Buying equipment based on total cost of ownership

By |  September 16, 2019
Crusher operators undoubtedly deal with as much noise as anyone within an aggregate operation. Photo by Kevin Yanik

Aggregate producers are considering future needs when it comes time to purchase new equipment. Photo by Kevin Yanik

A massive wave of equipment purchasing came and went.

There was so much demand for equipment in 2018 that a number of manufacturers were pressed to keep up.

Lead times were impacted, and aggregate producers yearning for equipment sometimes had to turn to brands they might not otherwise select. Simply having equipment available and ready to ship triggered significant sales across the industry.

Although the pace of equipment purchasing this year is not on par with 2018, producers continue to seek out equipment to enhance their operations. But the logic behind purchasing decisions is somewhat different today than it was 12 months ago.

When producers purchased equipment in 2018, it was often to fill a dire need. With critical production holes now filled, producers are looking to manufacturers and dealers to prove long-term value before they make their next major capital expenditures.

“Customers are looking to invest in plants that increase production or cost savings,” says Kristen Randall, marketing manager at Haver & Boecker Niagara. “Before, it might have been about ‘getting it in there and getting it to work.’ Now, it’s more about the long run.”

Greg Helfrich, the national operations manager at Elrus Aggregate Systems, agrees. According to Helfrich, the savviest producers today ask a series of key questions when exploring a plant or a system. Questions such as:

• What’s the life-cycle cost of the machine?
• What the 10-year cost of ownership?
• What’s the projected downtime of the machine?
• How much time will be spent fixing?

“In this age, 25 cents a ton really means something,” Helfrich says. “Even 10 cents a ton or a penny a ton means something, as margins are tighter.”

In the past, producers might have argued that a crusher is a crusher is a crusher. More producers recognize this simply isn’t the case, though.

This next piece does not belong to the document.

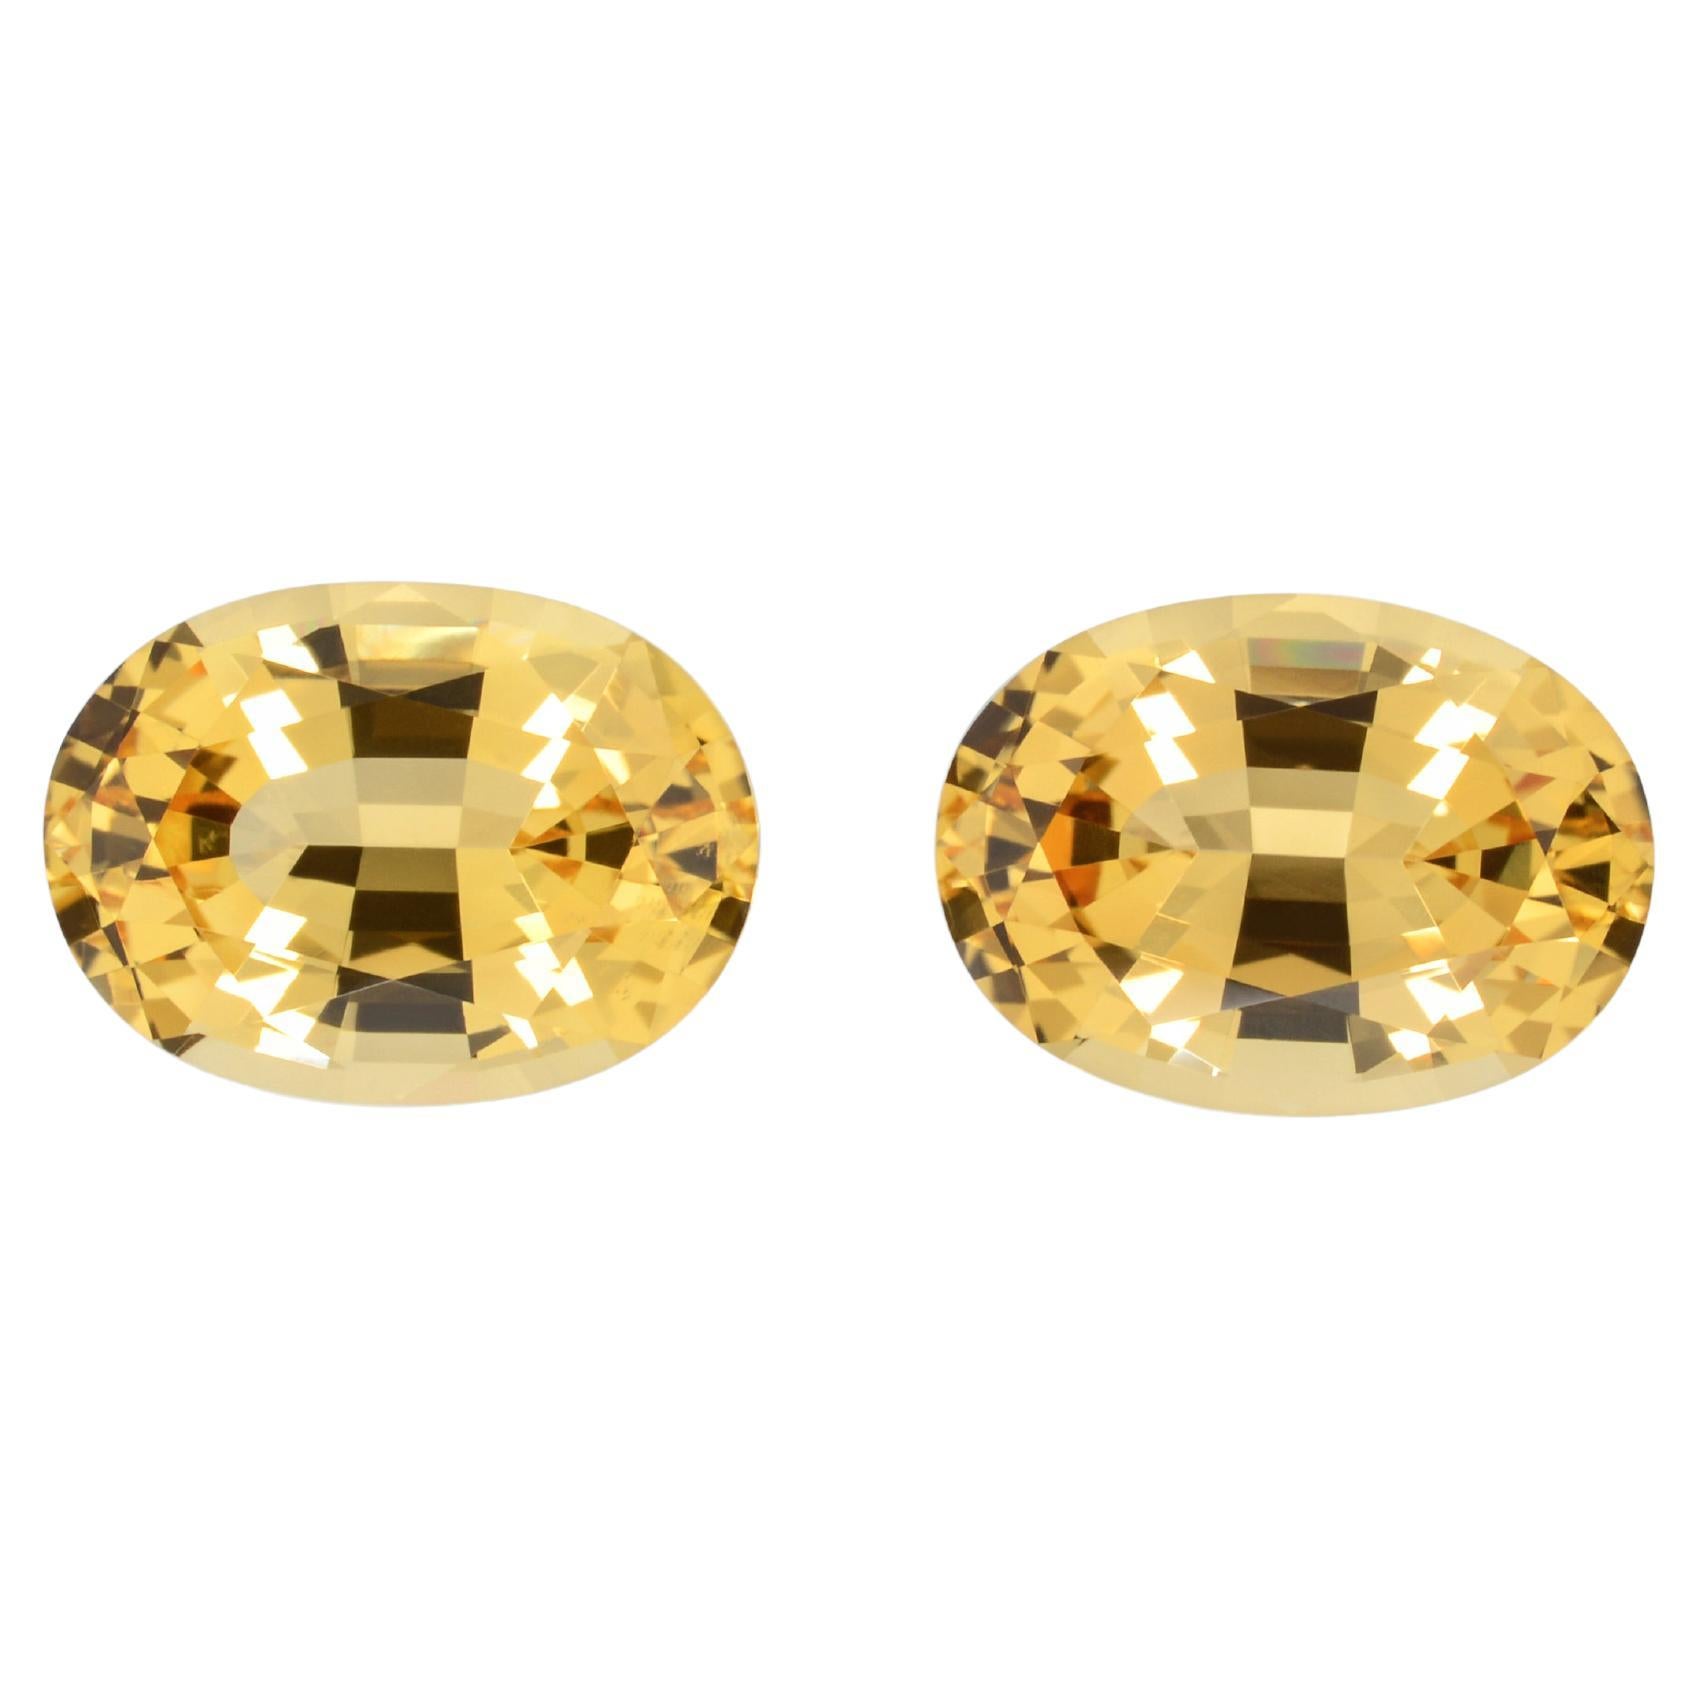 Imperial Topaz Earring Gemstones 8.26 Carats Oval Brazilian Loose Gems

“People often think that equipment in our industry is apples to apples, and that if one person makes one widget that all widgets are the same,” says Josh Swank, vice president of sales and marketing at Philippi-Hagenbuch.

Ultimately, several variables – engineering, design and material quality, for example – distinguish one widget from another. Those variables factor into total cost of ownership.

Price continues to factor into equipment decisions, as well. But the total cost of ownership concept is resonating more now than it once did.

“Reliability of equipment has always been valued in large producers,” says Patrick Moyer, general manager of process systems at Weir Minerals. “Today, we do have a lot of changing faces throughout the industry. So people are kind of revisiting that to make sure it’s not lost.”